Falling energy and iron ore prices and the appreciation of the Australian dollar combined to produce a 2 per cent decline in the value of minerals and energy exports for the September quarter, a new report shows.
Falling energy and iron ore prices and the appreciation of the Australian dollar combined to produce a 2 per cent decline in the value of minerals and energy exports for the September quarter, a new report shows.
The Australian Bureau of Agricultural and Resource Economic today said the decline was despite the volumes of the country's two biggest export earnings, coal and iron ore, reached record levels.
This fall contributed to the larger than expected trade and current account deficits reported this week by the ABS for the month of October.
The value of exports fell to $30.2 billion on the back of a 9 per cent appreciation of the Australian dollar against the US dollar, as well as the effect of lower bulk commodity contract prices. The full brunt of these lower contracts, most of which took effect in April, was not felt until this quarter as some exports during the June quarter were shipped at the previous contract prices.
Overall, the index of export prices of Australian minerals and energy exports fell by 11 per cent for the quarter. This was entirely due to the falling price of energy exports, with the energy export price index decreasing 14 per cent.
The main movers in this sector were thermal and coking coal, whose prices fell 9 and 24 per cent respectively, though export volumes of coking coal rose 17 per cent to reach record levels.
On the other hand, the value and volume of gas exports increased substantially for the quarter, with liquefied petroleum gas exports up $94 million (47 per cent) and liquefied natural gas exports up $133 million to (8 per cent) to $1.7 billion.

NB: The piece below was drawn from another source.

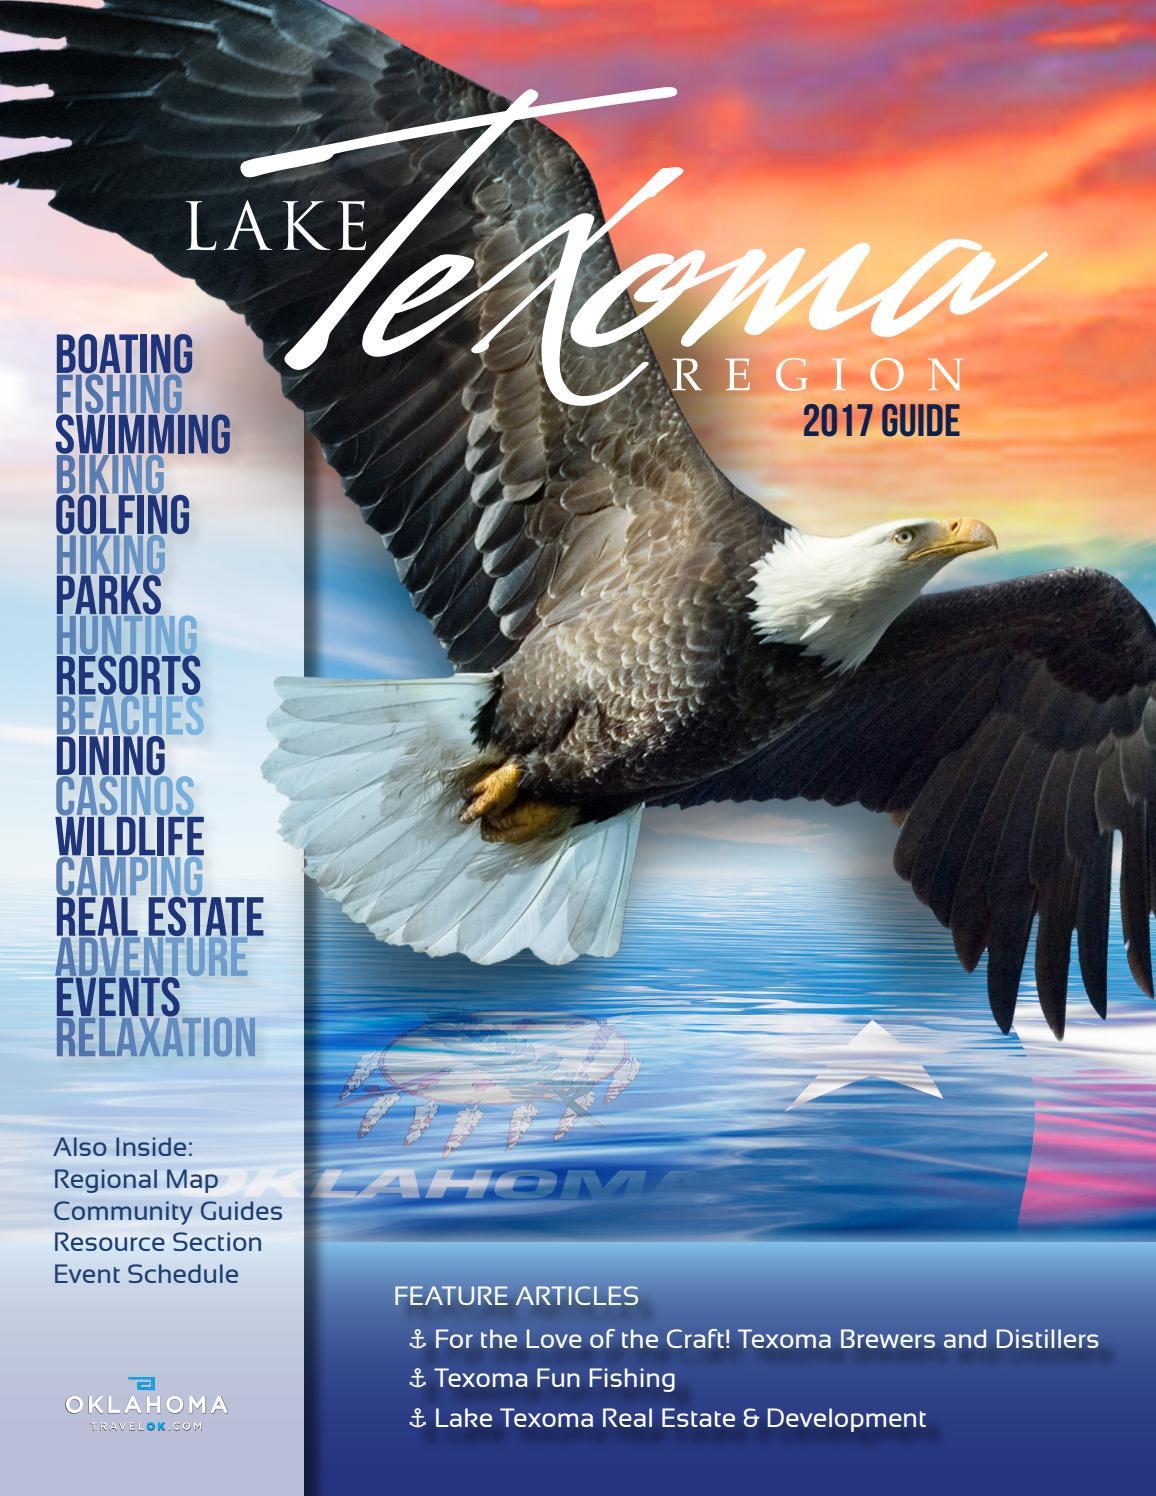 Lake Texoma Association - 2017 Guide by jeannie@moxiegraphex.com - issuu

The value of oil exports also increased, by 23 per cent to $2.1 billion, largely due to stronger production and the 14 per cent rise in the price of crude oil.

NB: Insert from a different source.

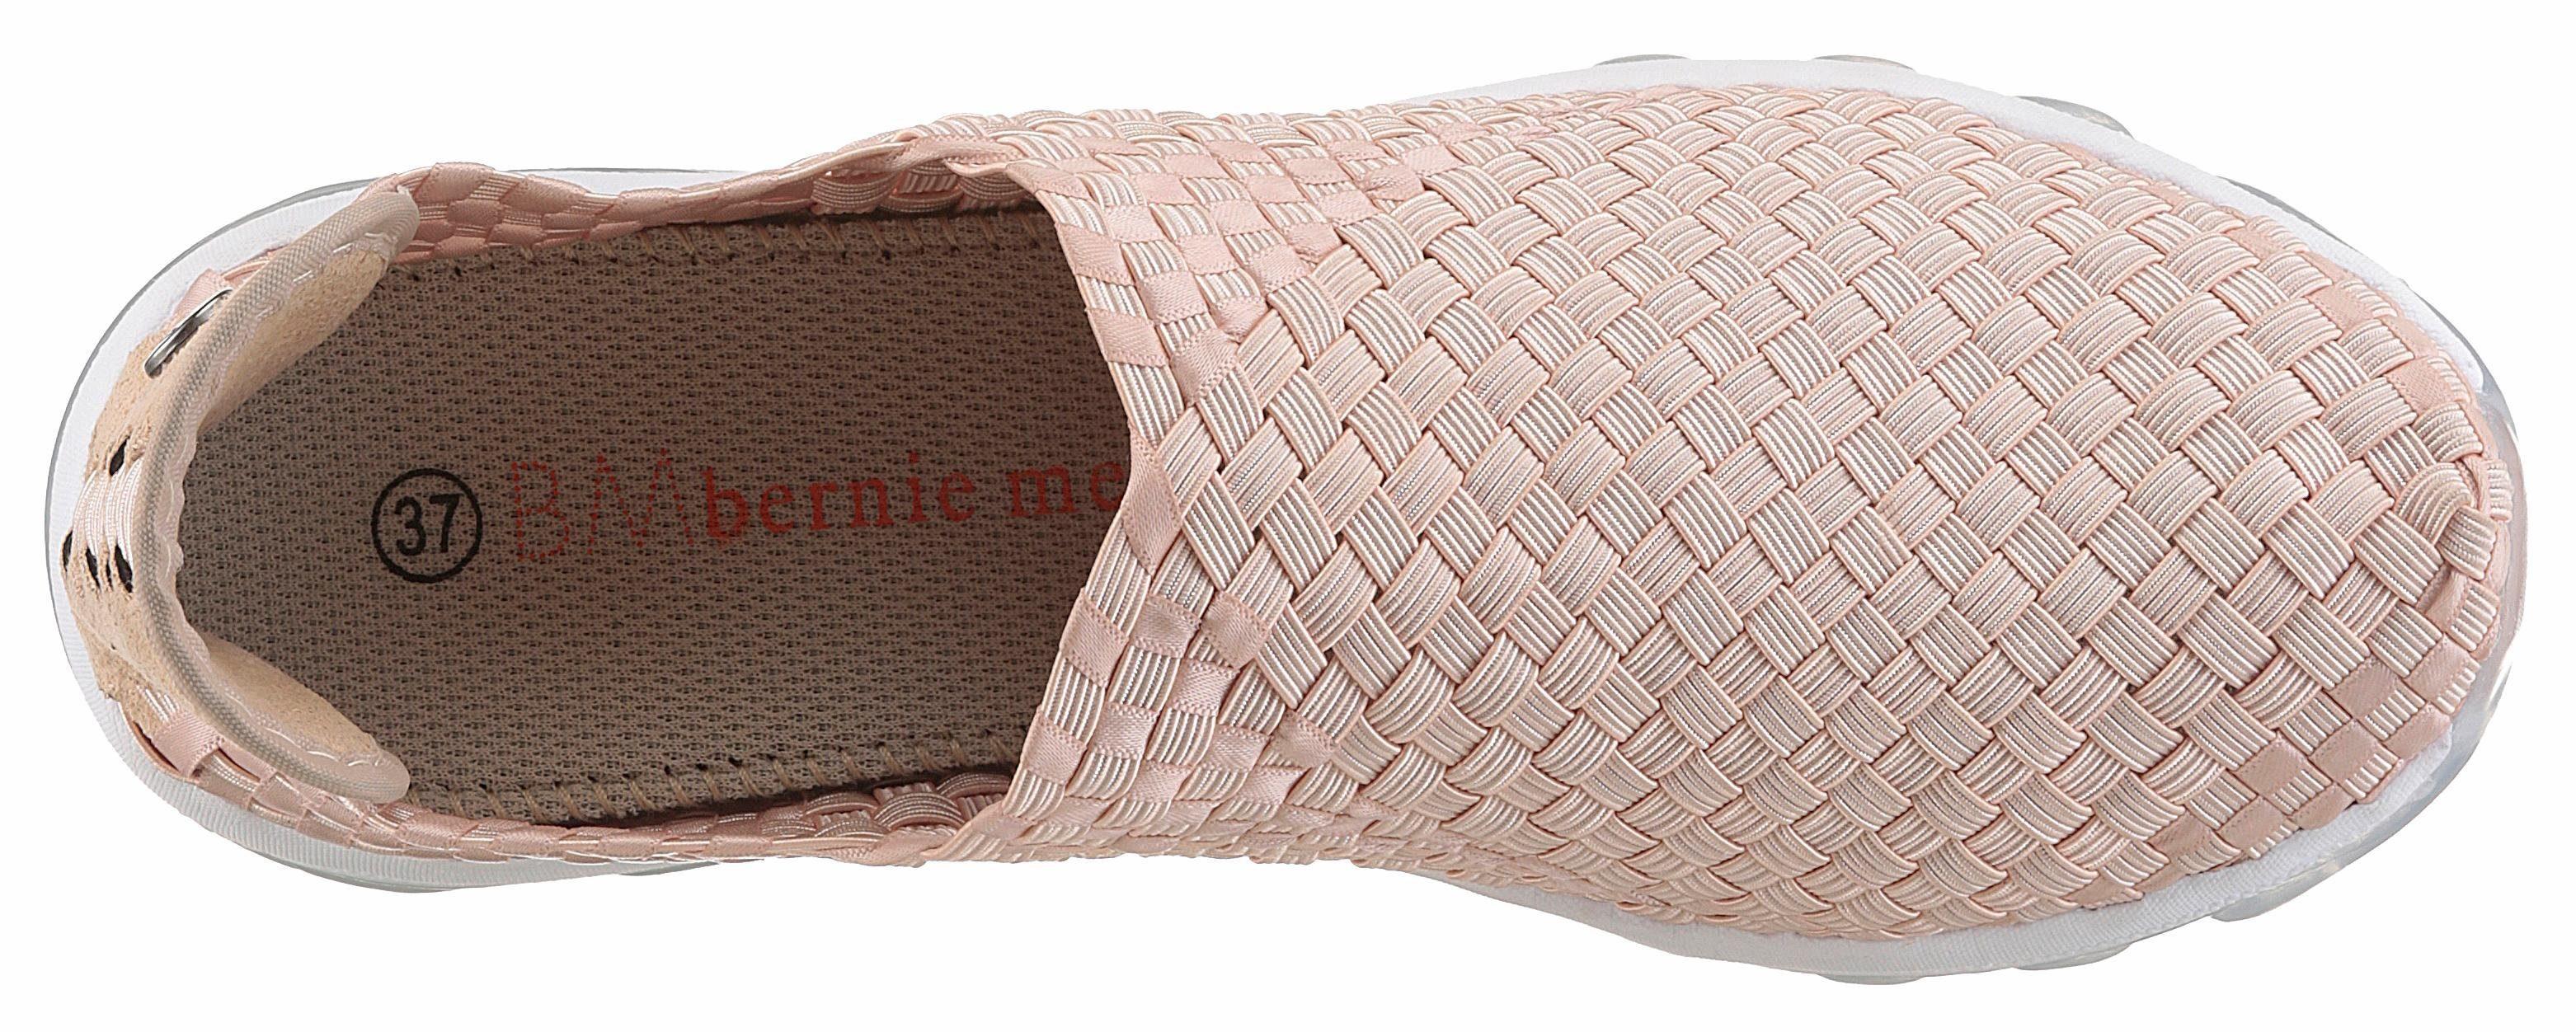 BERNIE MEV Gummies Gem Slipper, aus Stretchmaterial online kaufen  rosé

Iron ore export volumes also reached record levels, increasing 10 per cent on the back of an 8 per cent increase in production, which was 107 million tonnes.
Overall values were down 8 per cent however, largely due to declines in Asian contract prices for the Japanese fiscal year to March 2010.
Aside from iron ore, metal prices were generally buoyant, especially nickel and lead, which were up 36 per cent and 29 per cent respectively.
Nickel production continues to be hampered by the mine closures that followed the price slump in late 2008, however export volumes were up marginally for the quarter and the value of exports increased 31 per cent.
The copper price also rose, by 20 per cent, but export volumes were down as production fell by 7 per cent. Copper production is expected to fall further this quarter due to damage to the main haulage shaft at BHP's Olympic Dam operation.
Diamond production was up substantially during the quarter following a two month shut-down at Rio Tinto's Argyle diamond mine earlier in the year.